Registered: 12/01/06
Posts: 410
Loc: Montreal, CAN
Well James,

your intellectual honesty is commendable. But people do need to be told, be it by a professional such as yourself or by a fan like myself, what the plain and true facts are. I strongly believe that using spruce in a keybed in much the same way as it is used on an acoustic piano, that is as long centrally pivoted levers with graded, gravity-resetting hammers at the very end of these levers, is the right way to engineer a digital piano's mechanism if such a piano is really meant to imitate an acoustic one as closely as possible. This is becoming more and more obvious as Kawai isn't the only one anymore to configure keybeds in this way, as Yamaha has started applying the same theory to its latest offerings such as the Avant Grand, I believe...

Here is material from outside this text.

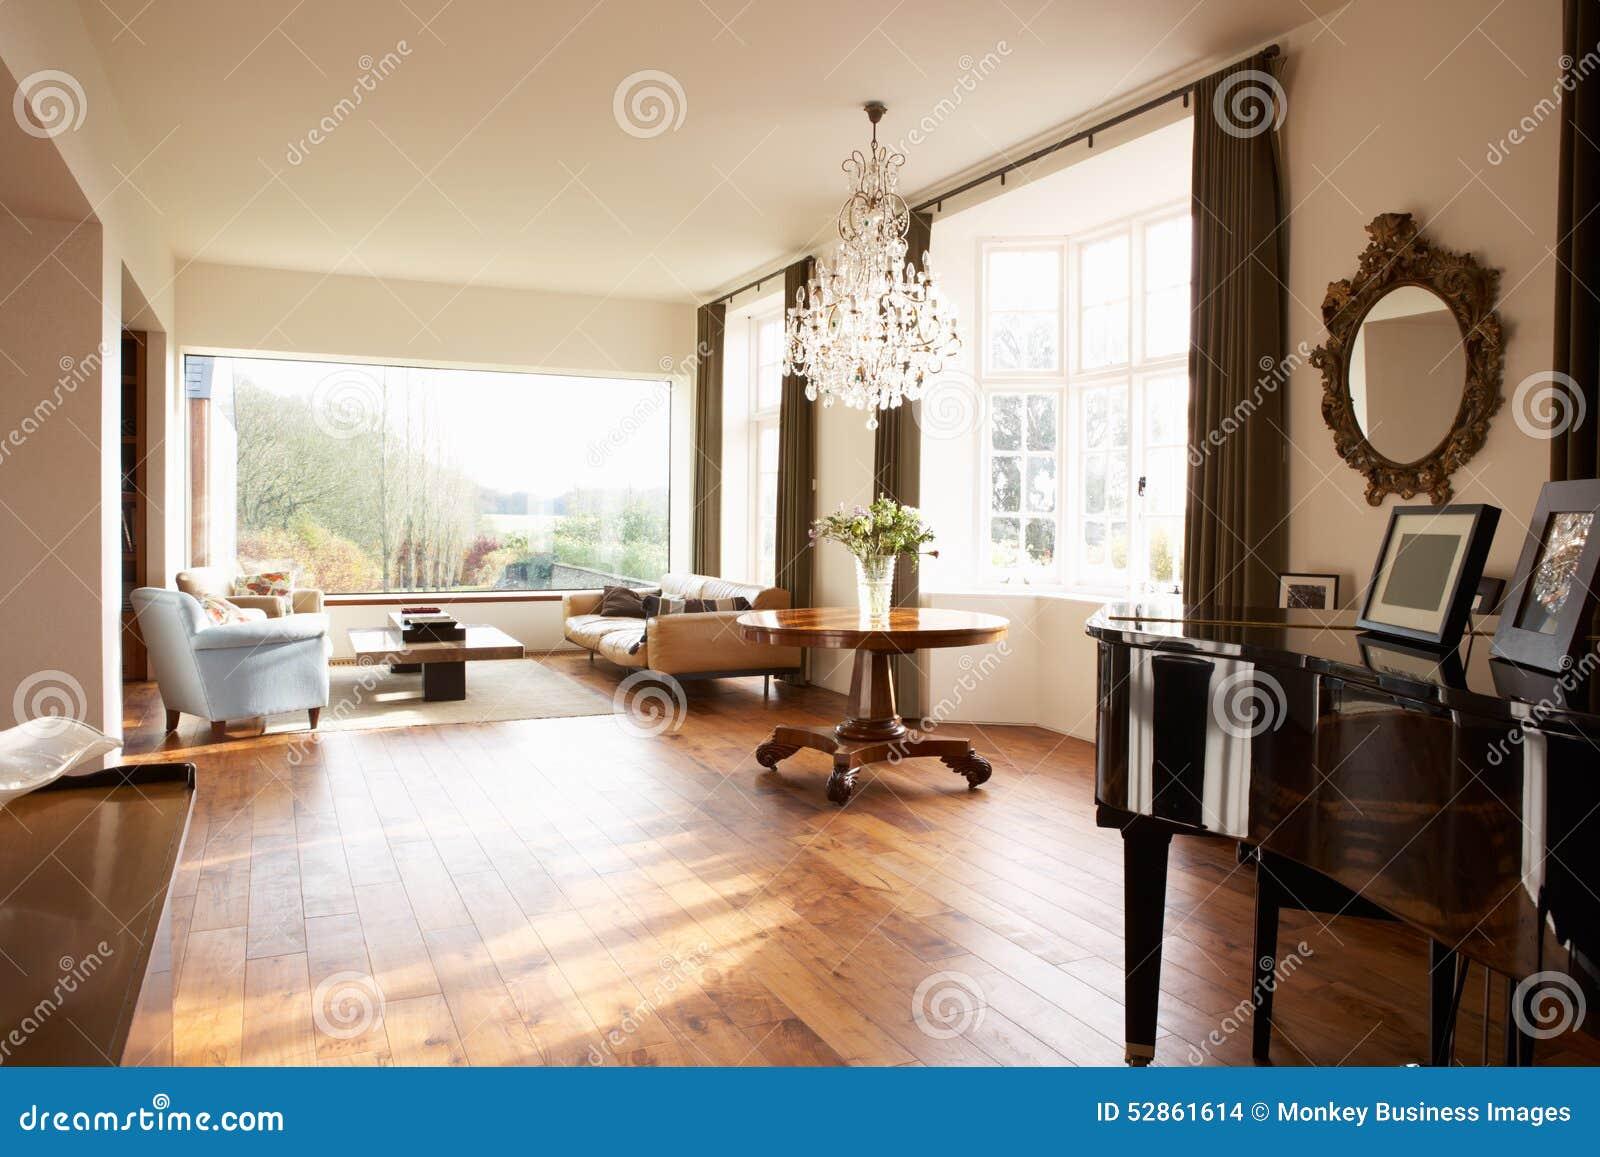 Beautiful Interior Design In Dining Room Of Ship Royalty Free Stock Photography Cartoondealer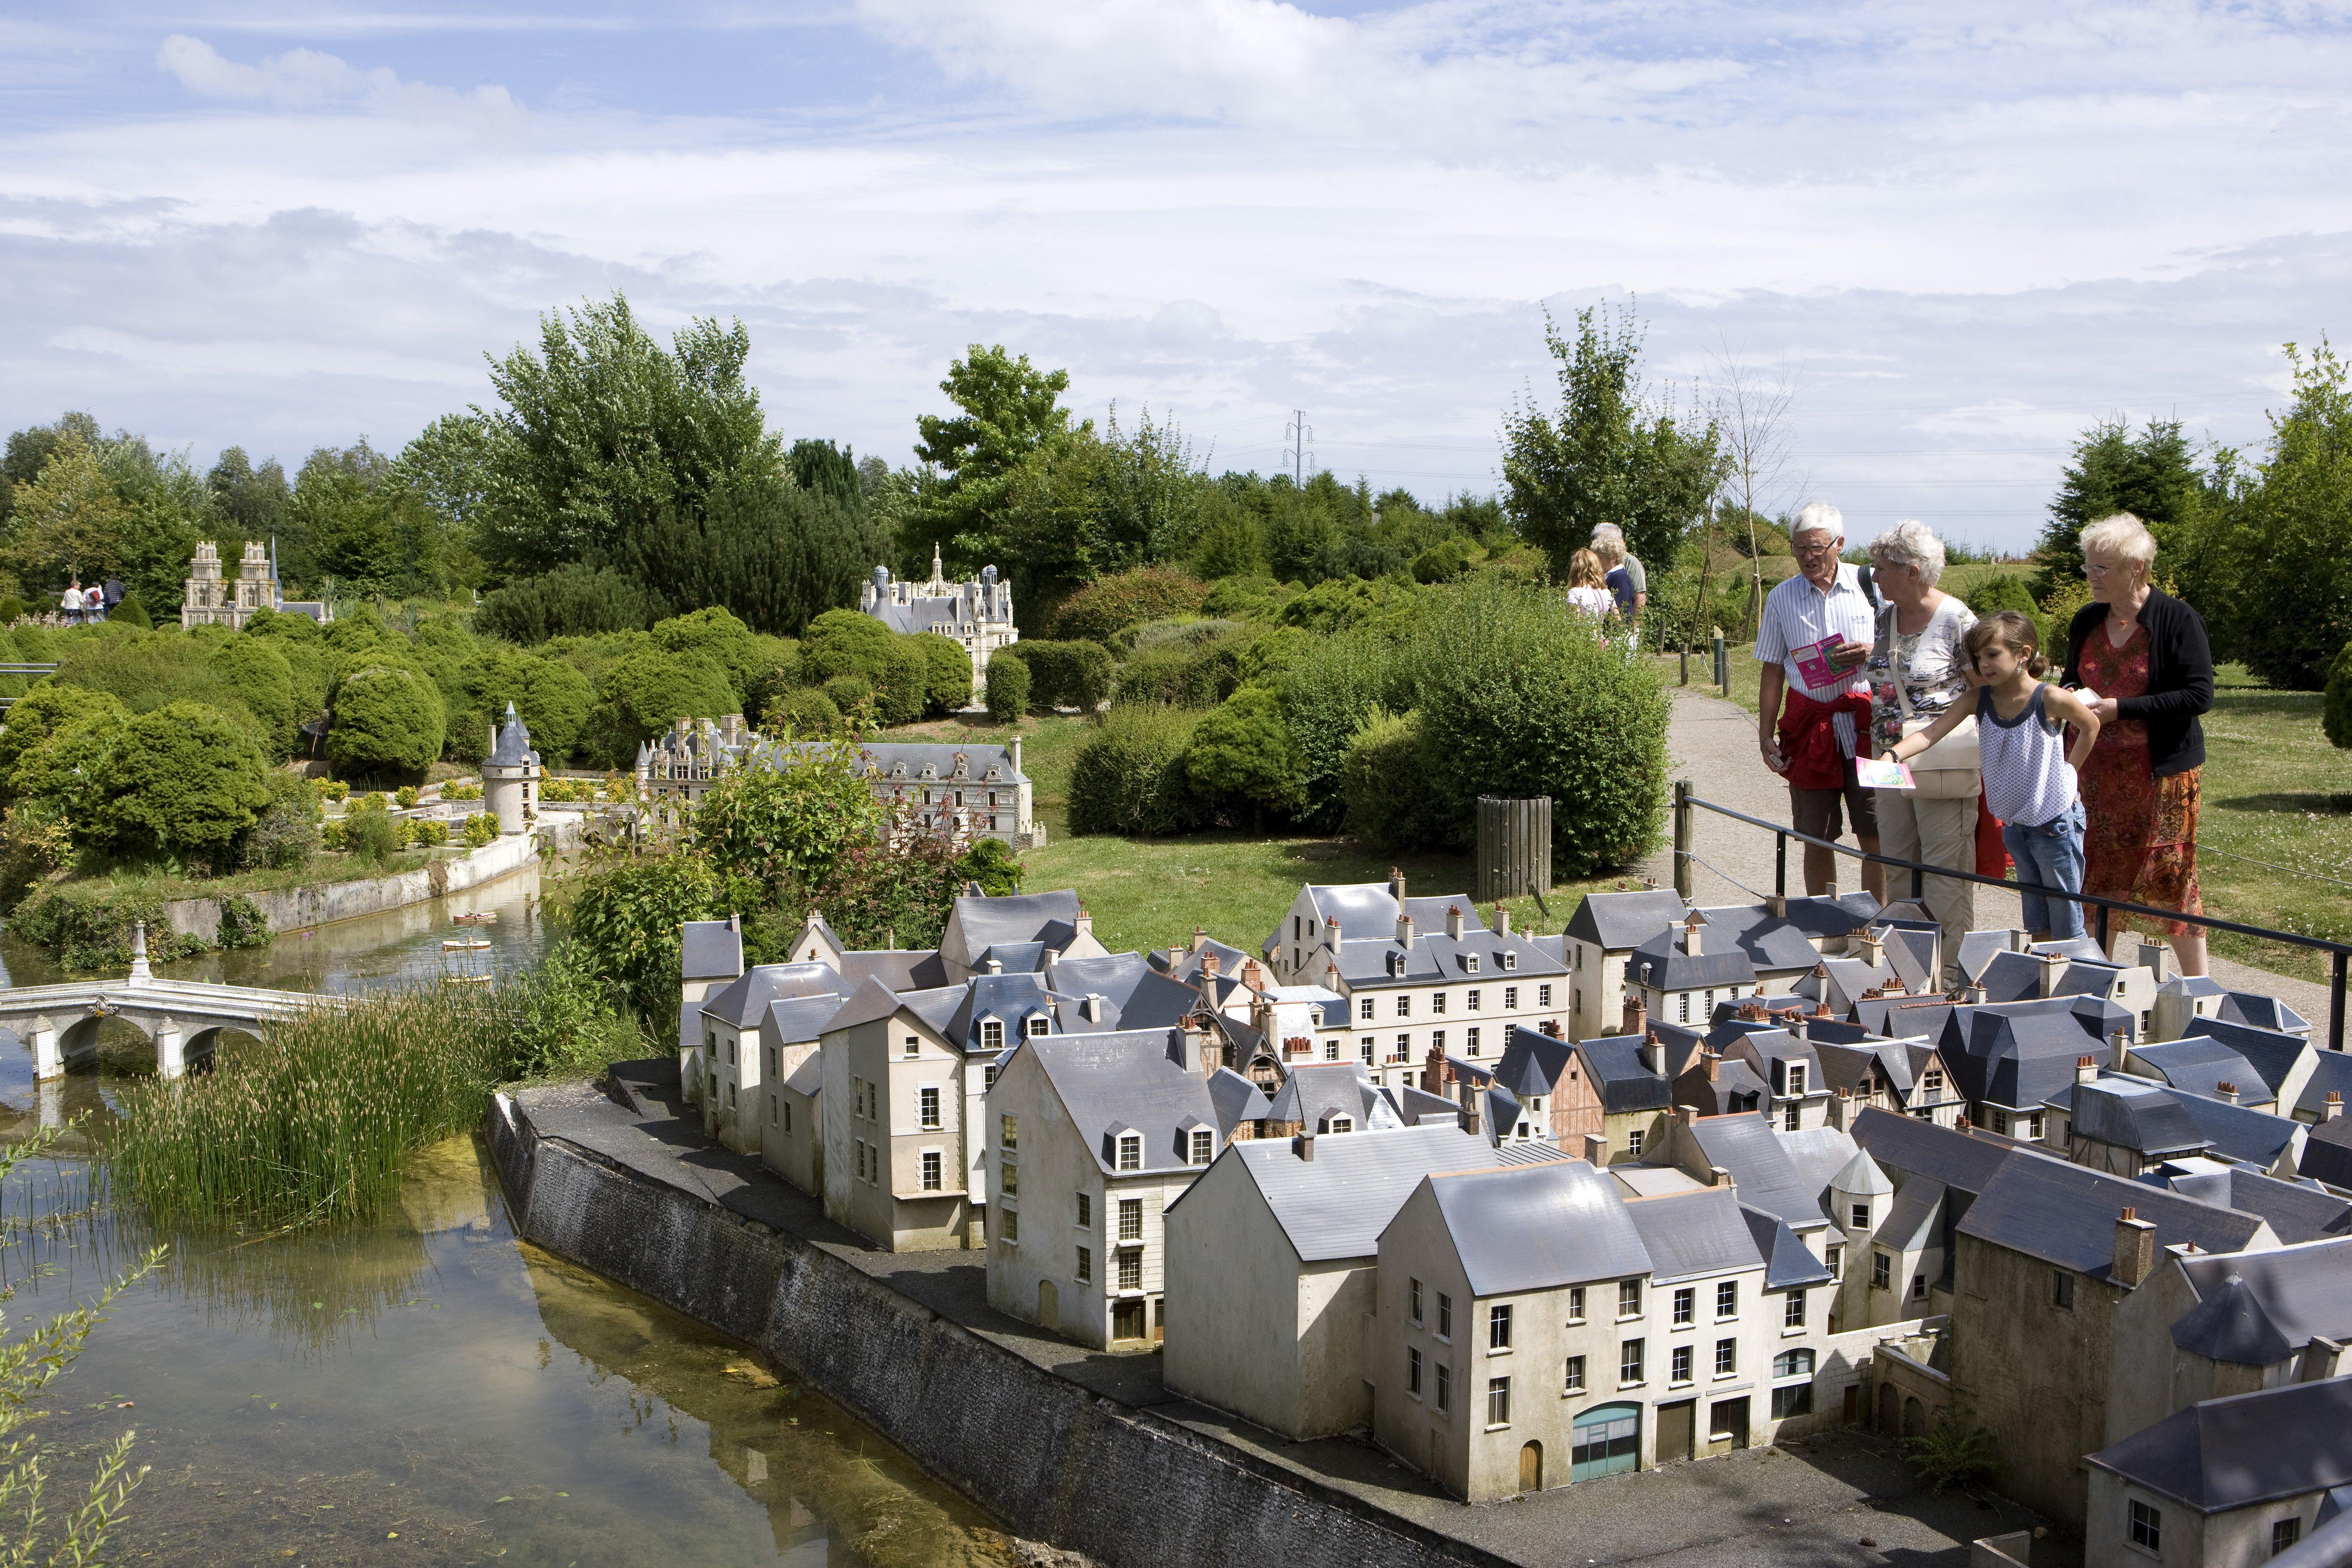 6 juillet 2009. France Miniature.

What must be understood is that cosmetically filling the sides of short GH3 levers (WHITE KEYS ONLY!!!) with wood will NOT provide the pianist with a "natural wood" keyboard in the way that pivoted levers will. If it did make a difference, then the black keys of CLP-level instruments would also be made of wood. The very proof that all this is but a sales gimmick (though an expensive one!) is that no difference can be perceived by the pianist between a CLP's "natural wood" white keys and the same instrument's black ones(!!).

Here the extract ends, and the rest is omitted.